*** Begin section ***
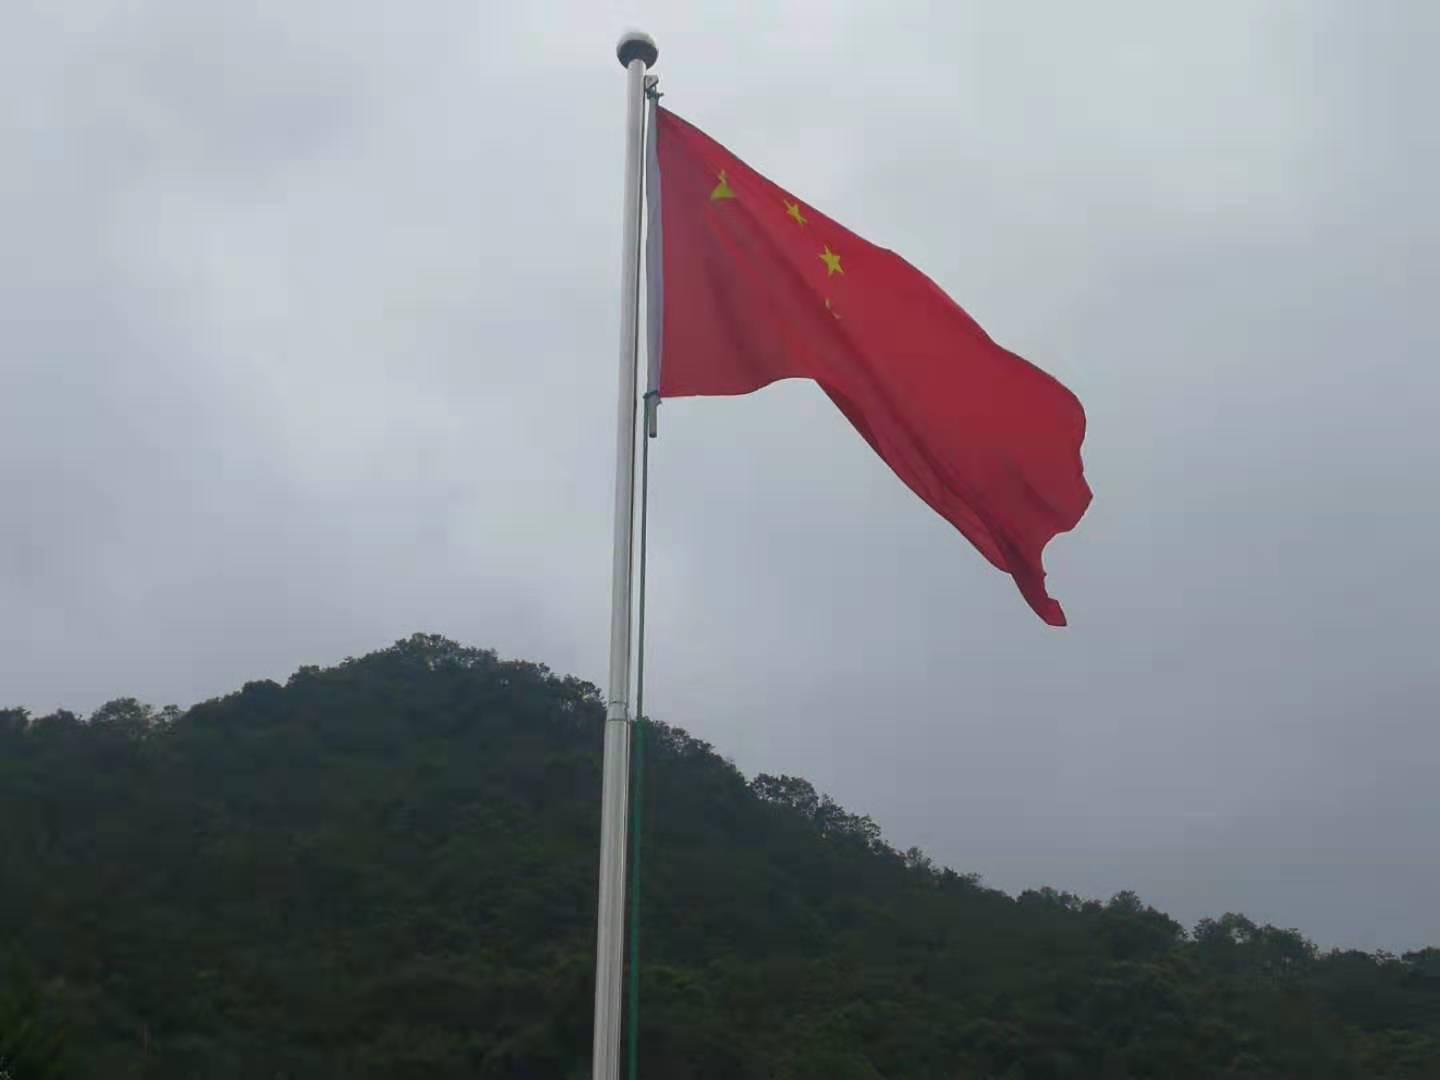 温州雁荡山能仁寺喜迎新中国成立70周年升国旗仪式(图7)
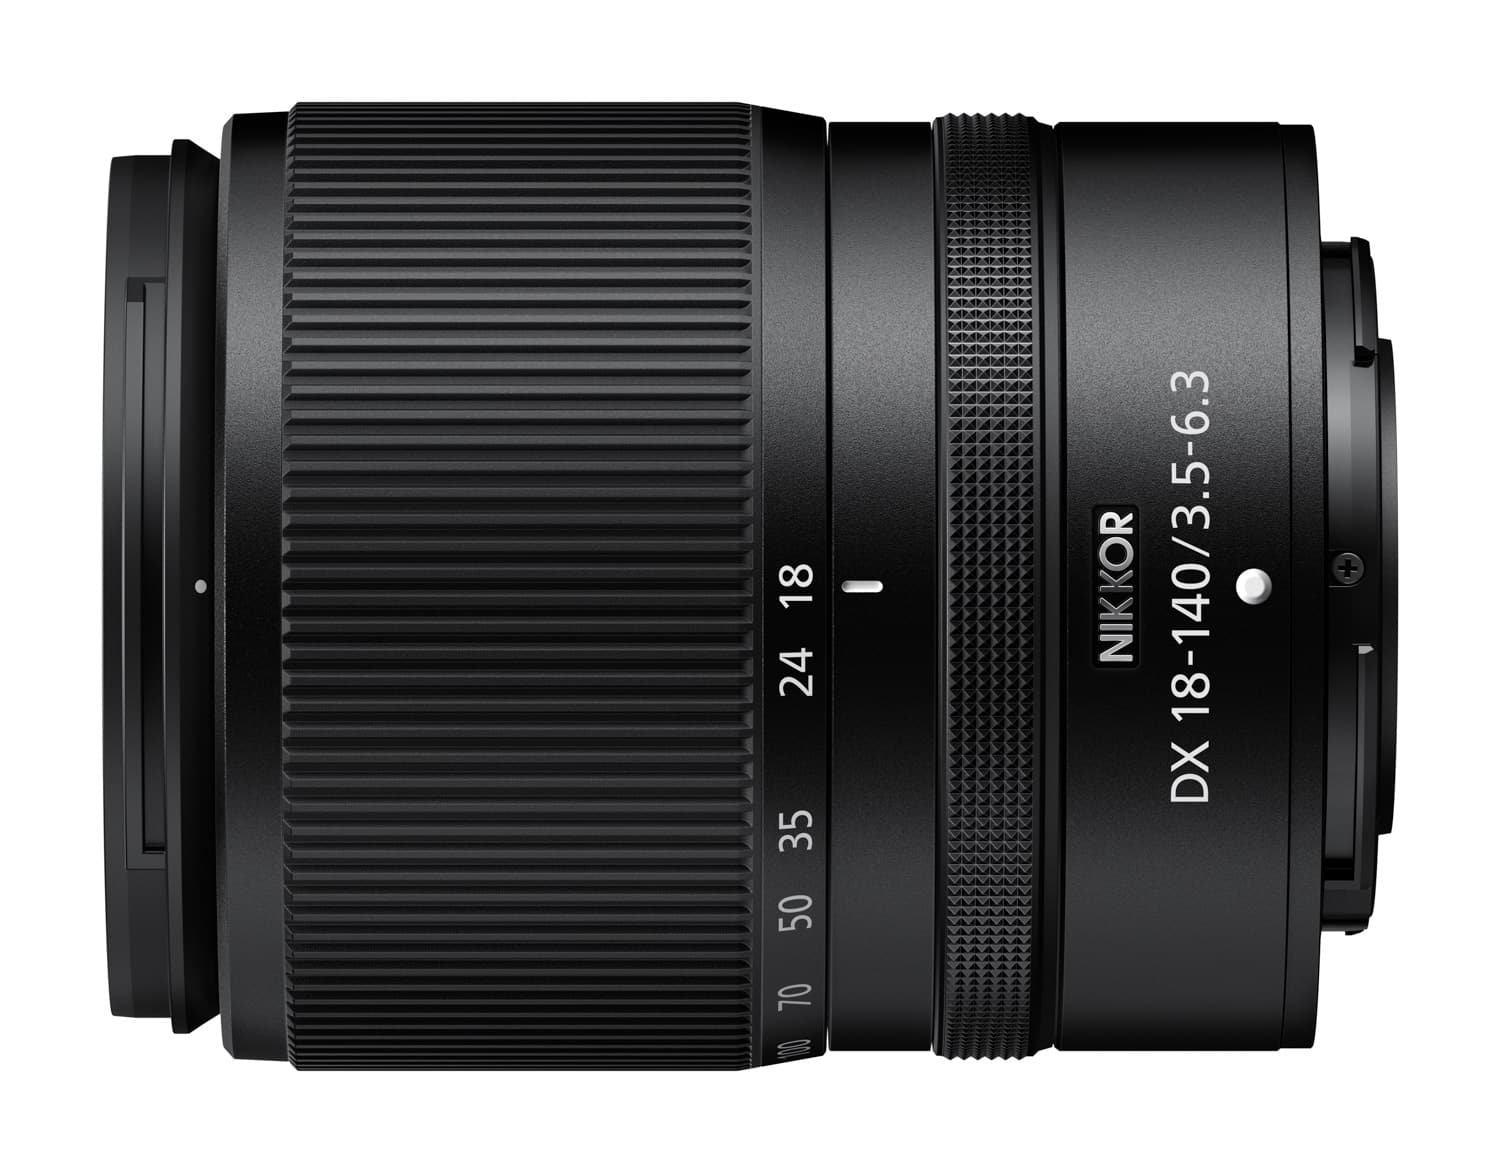 Nikon ra mắt 3 ống kính mới cho ngàm Z, NIKKOR Z DC 16-50mm F3.5-6.3 VR, NIKKOR Z 28mm F2.8 (SE) và NIKKOR Z DX 18-140mm F3.5-6.3 VR
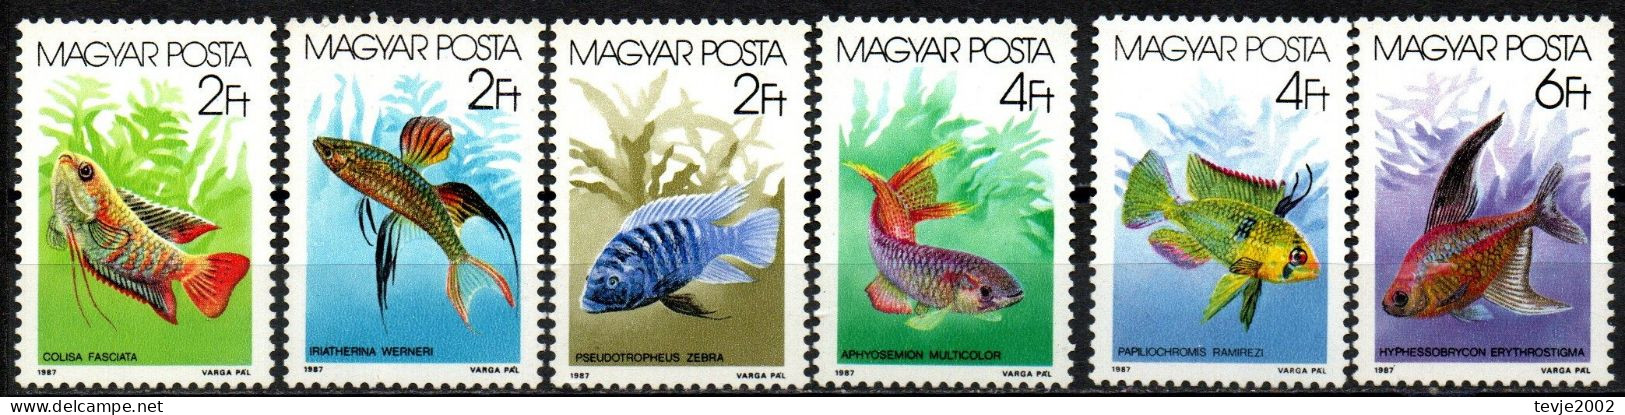 Ungarn 1987 - Mi.Nr. 3877 - 3882 A - Postfrisch MNH - Tiere Animals Fische Fishes - Fische
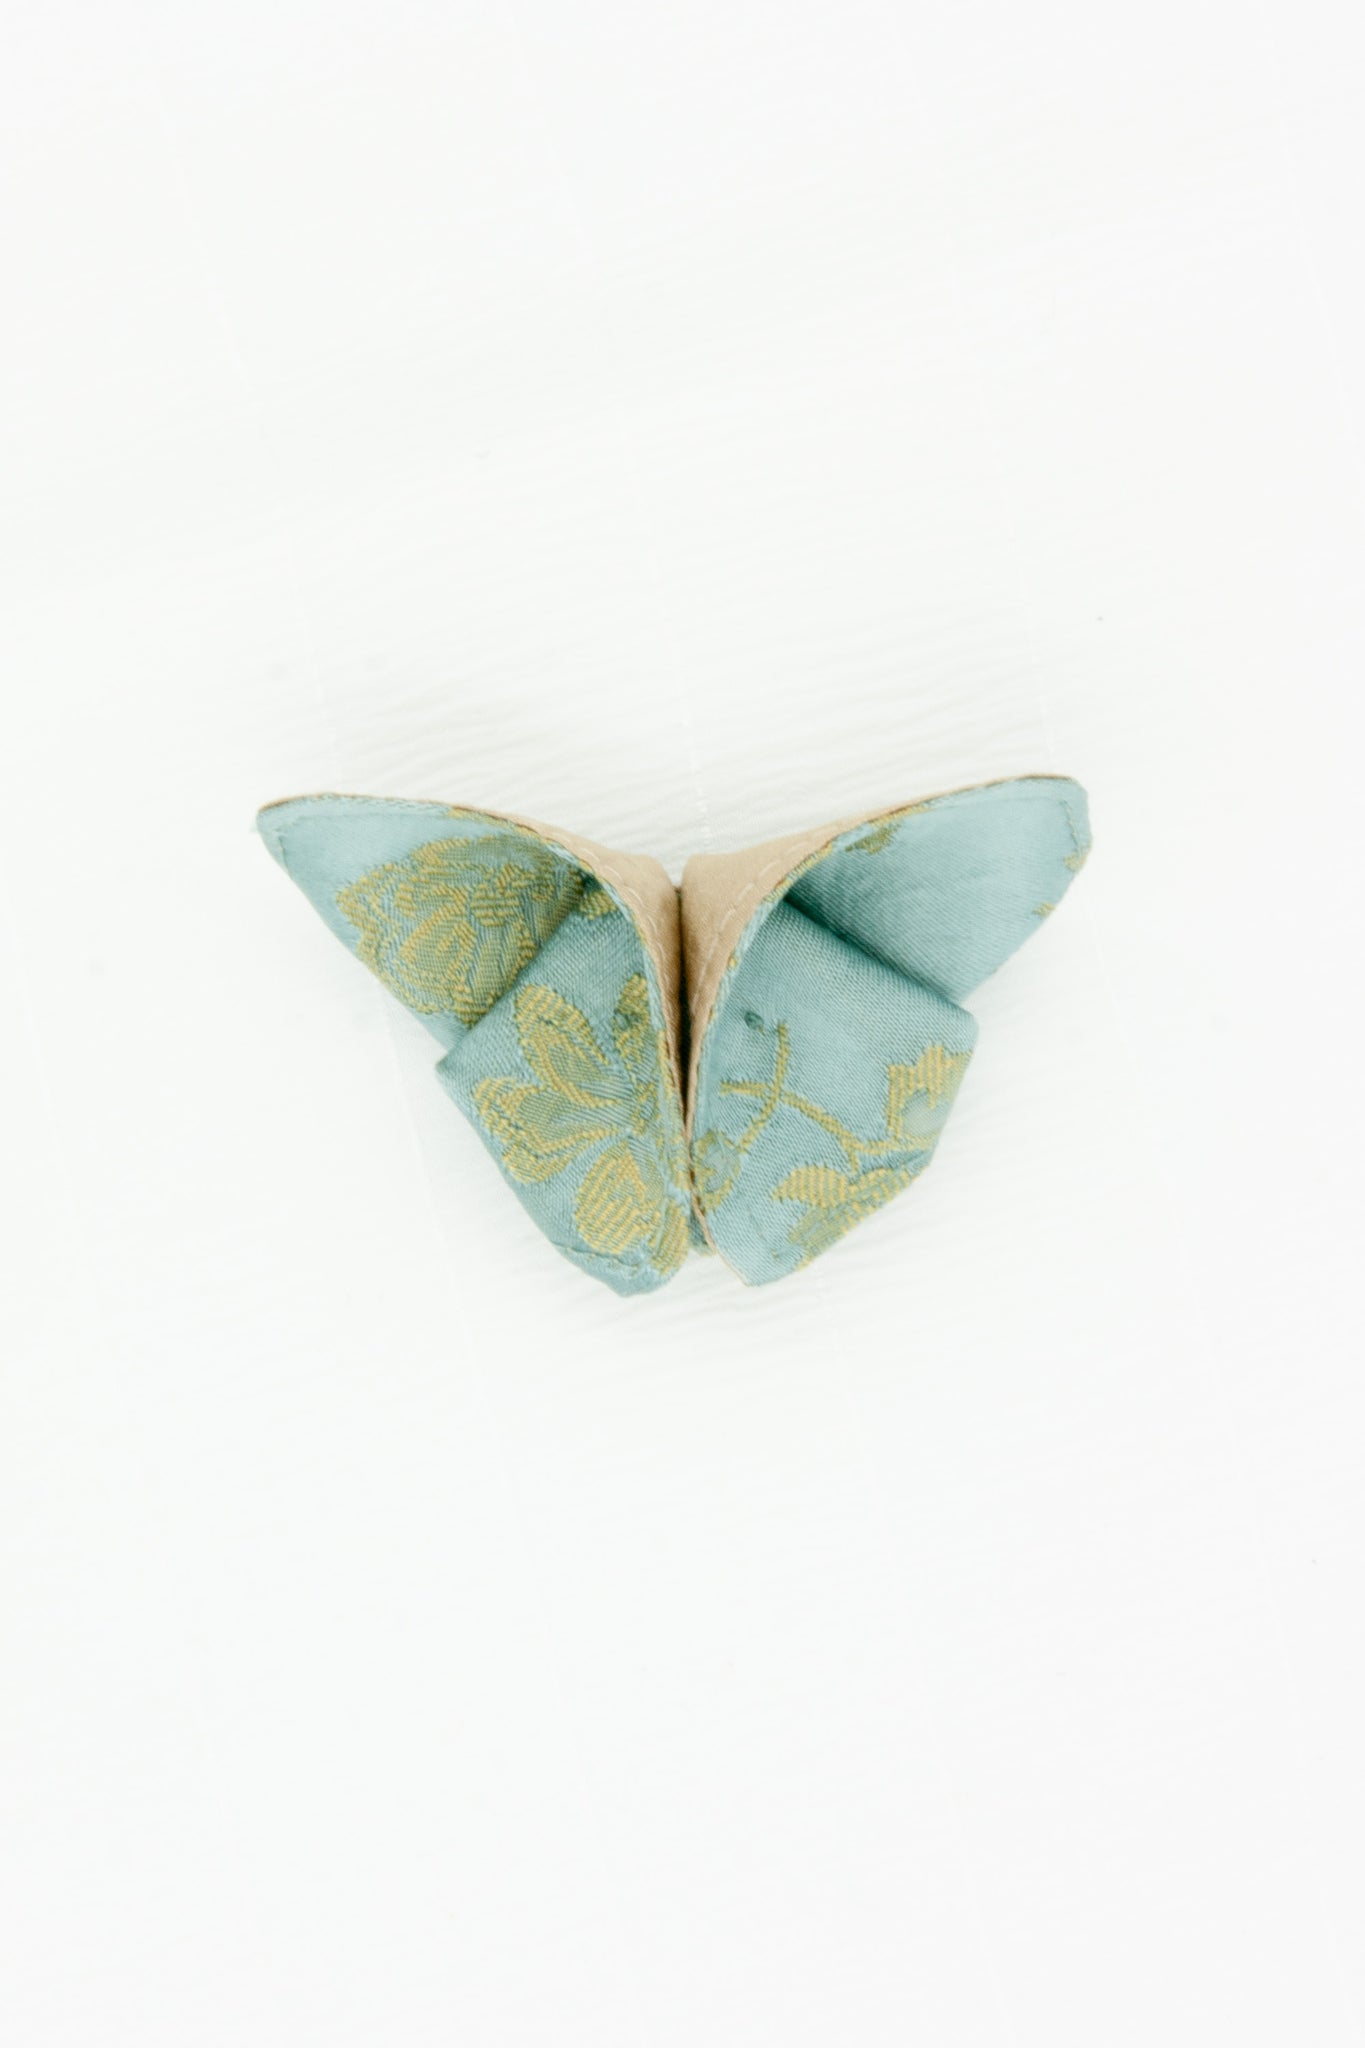 Butterfly Brooch in Robin's Egg Blue Silk Jacquard
*** End section ***
● **What needs to be done**
Except for the pictures, give all the material above again verbatim.

● **Exercise result**
 温州雁荡山能仁寺喜迎新中国成立70周年升国旗仪式(图7)
 Nikon ra mắt 3 ống kính mới cho ngàm Z, NIKKOR Z DC 16-50mm F3.5-6.3 VR, NIKKOR Z 28mm F2.8 (SE) và NIKKOR Z DX 18-140mm F3.5-6.3 VR
 Ungarn 1987 - Mi.Nr. 3877 - 3882 A - Postfrisch MNH - Tiere Animals Fische Fishes - Fische
 Butterfly Brooch in Robin's Egg Blue Silk Jacquard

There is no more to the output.